Drama William Soeryadjaya
Oleh Hamid Basyaib
PANITIA penerbitan memoar William Soeryadjaya, “Semangat Hidup dan Pasrah Kepada Tuhan” (KPG, 2024) menampilkan sesuatu yang baru dalam peluncurannya. Perayaan bukan dilakukan seperti kebiasaan di mana-mana, berupa diskusi buku ataupun parade komentar orang-orang yang mengenal dekat subjek buku.
Yang disajikan adalah sebuah drama pendek yang ceritanya diangkat dari buku tersebut, yang merupakan rekaman perbincangan si subjek dengan penulis Ramadhan KH. Penerbitan buku ini, seperti ditonjolkan di sampul buku, “Terbit setelah 20 tahun lebih tertunda.”

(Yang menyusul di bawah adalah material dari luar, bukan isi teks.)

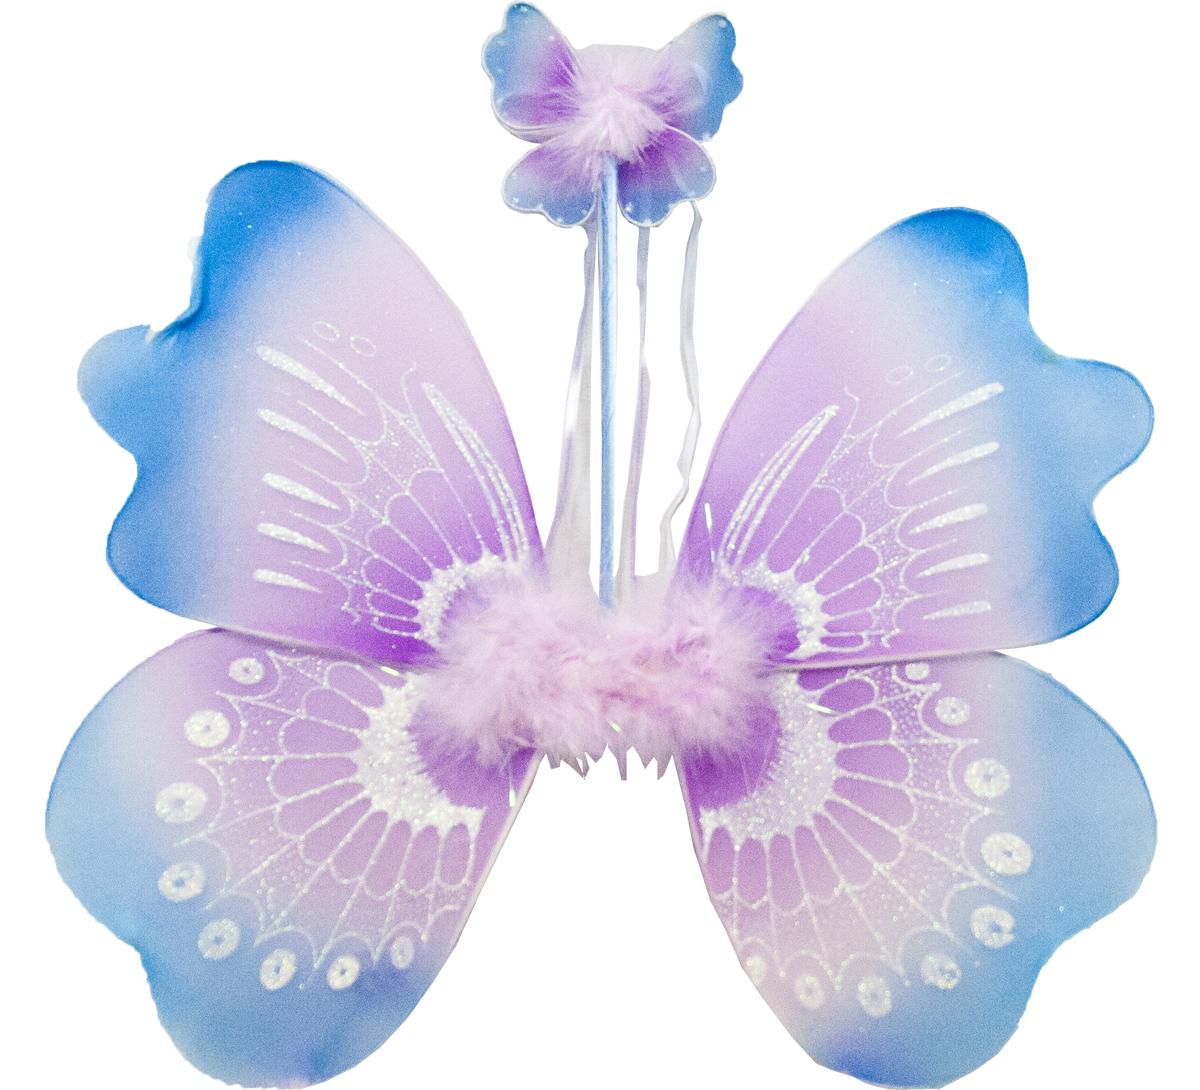 Карнавальный набор Lovemark Бабочка, 3 предмета294Карнавальный набор Бабочка (крылья бабочки, волшебная палочка, украш. на голову) Lovemark

Penyajian drama pendek itu (kurang lebih 40 menit) menjanjikan kebaruan yang segar dalam konteks peluncuran buku. Tapi di situ pula muncul masalah besar.
Penulis naskah terlihat tidak mampu menonjolkan aspek-aspek terbaik atau “dramatis” dari subjek sebagaimana direkam oleh buku. Adegan demi adegan — dengan point of view si pewawancara, Ramadhan KH — berlangsung datar sepenuhnya, tanpa dinamik apapun, dengan dialog yang banyak diselingi klise (“manusia hanya berusaha, Tuhanlah yang menentukan”), dan dengan akting dua aktor yang pas-pasan.
Aktor Reza Rahadian (yang menjadi jualan favorit para sineas dan pernah menjadi siapa saja dalam film-film — BJ Habibie, Benyamin S, bos perusahaan yang konyol dan entah siapa lagi), tampaknya lebih tertarik menjadi dirinya sendiri; ia terlihat sangat kurang mempelajari dan menghayati tokoh Ramadhan KH dan profesinya.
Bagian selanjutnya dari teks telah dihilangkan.